Are the points (2,1) (3,3) (4,5) collinear?
Yes
Are the lines 2x - 3y = 1 and 2x + 3y = 2 intersecting or parallel?
Parallel
Find b so that the two lines given are parallel: 3x + y = 1 and bx - y = 3
B = -3x + 4 all divided by 1
This problem I can't figure out. Please help: Find a so that the two lines given are parallel: 5x + 2y = 6 and 3x - ay = 4
Thank you so much! Give me a link to your question and Ill answer it as well.
Yes
Are the lines 2x - 3y = 1 and 2x + 3y = 2 intersecting or parallel?
Parallel
Find b so that the two lines given are parallel: 3x + y = 1 and bx - y = 3
B = -3x + 4 all divided by 1
This problem I can't figure out.
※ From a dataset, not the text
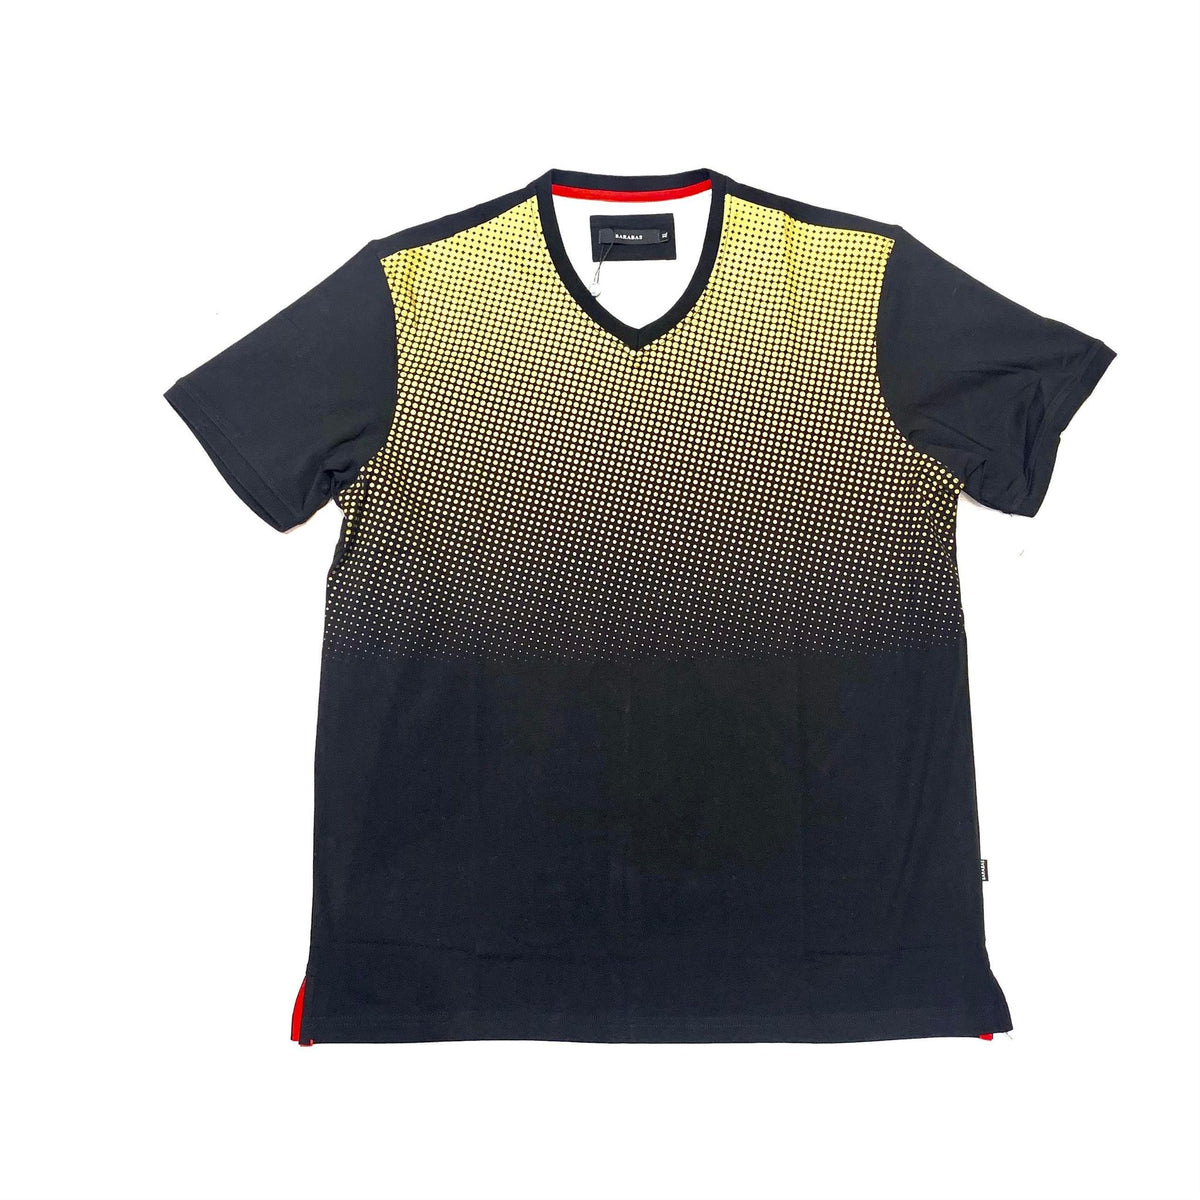 Barabas Men's Black Gold Polka Dot Short Sleeve T-Shirt - Dudes Boutique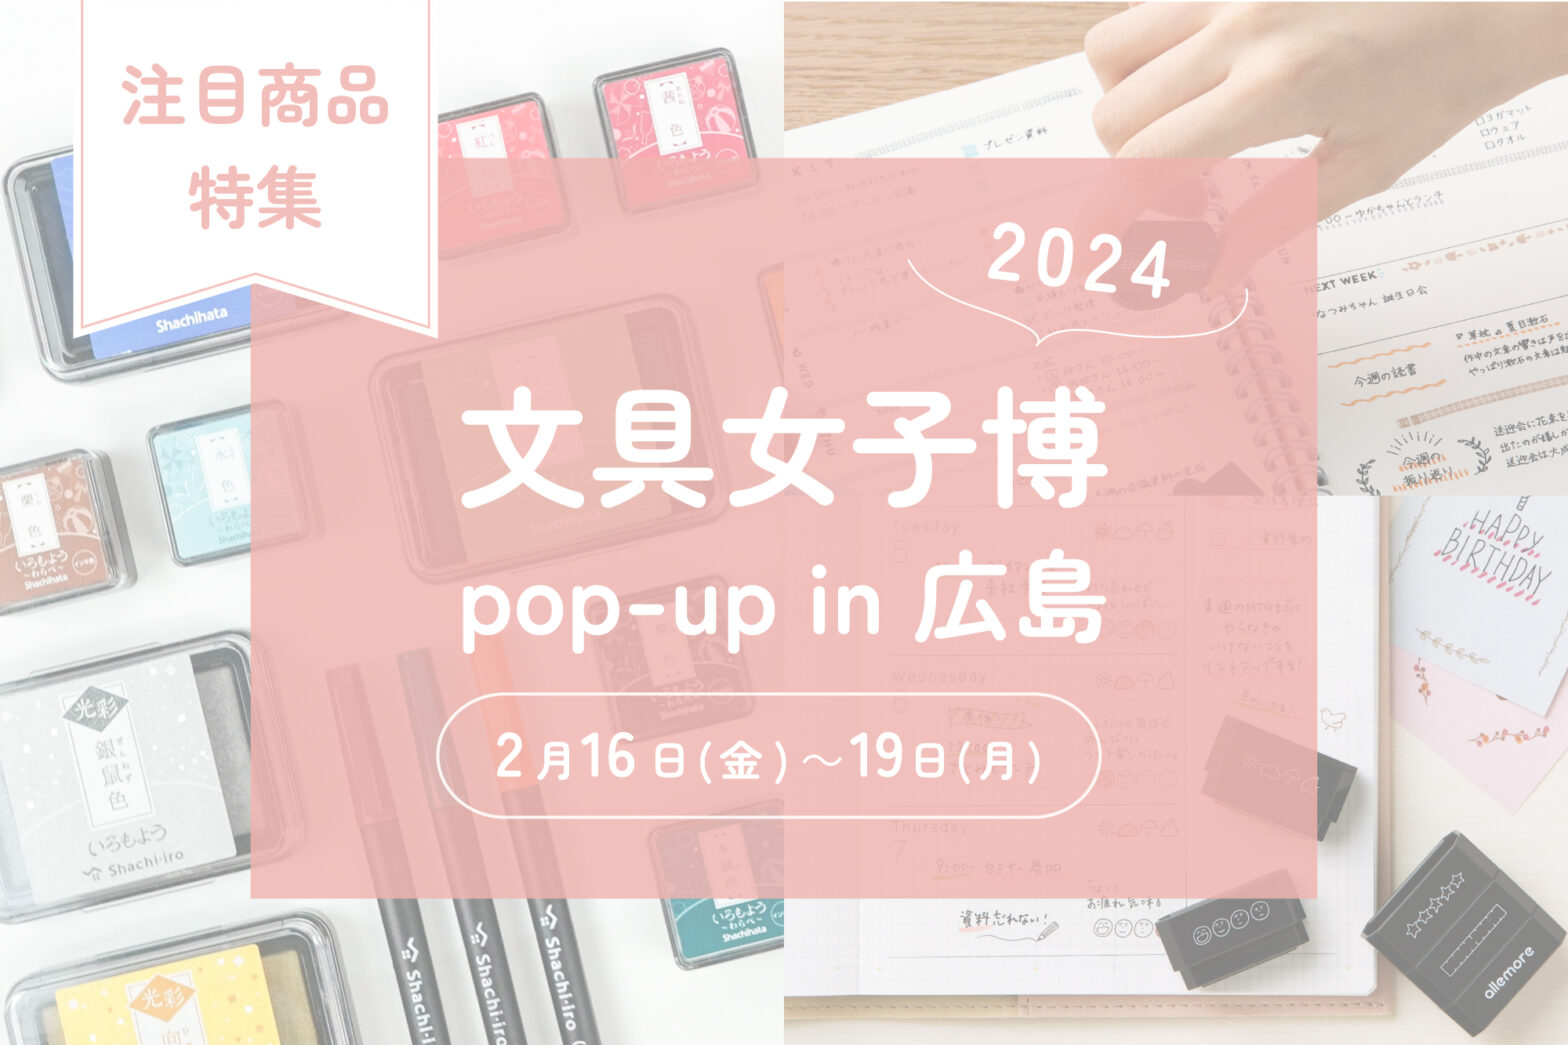 シヤチハタ 文具女子博 pop-up in 広島2024

Please help: Find a so that the two lines given are parallel: 5x + 2y = 6 and 3x - ay = 4
Thank you so much! Give me a link to your question and Ill answer it as well.
-
Are the points (2,1) (3,3) (4,5) collinear?
Yes
Correct.
They are all on the same line: y = 2x − 3
------------------------------
Are the lines 2x − 3y = 1 and 2x + 3y = 2 intersecting or parallel?
Parallel
Incorrect.
First line has slope 2/3, second line has slope −2/3. Parallel lines have same slope. These are not parallel lines, therefore they are intersecting (at point (3/4, 1/6))
------------------------------
Find b so that the two lines given are parallel: 3x + y = 1 and bx − y = 3
B = −3x + 4 all divided by 1
Incorrect.
First line has slope = −3, second line has slope = b.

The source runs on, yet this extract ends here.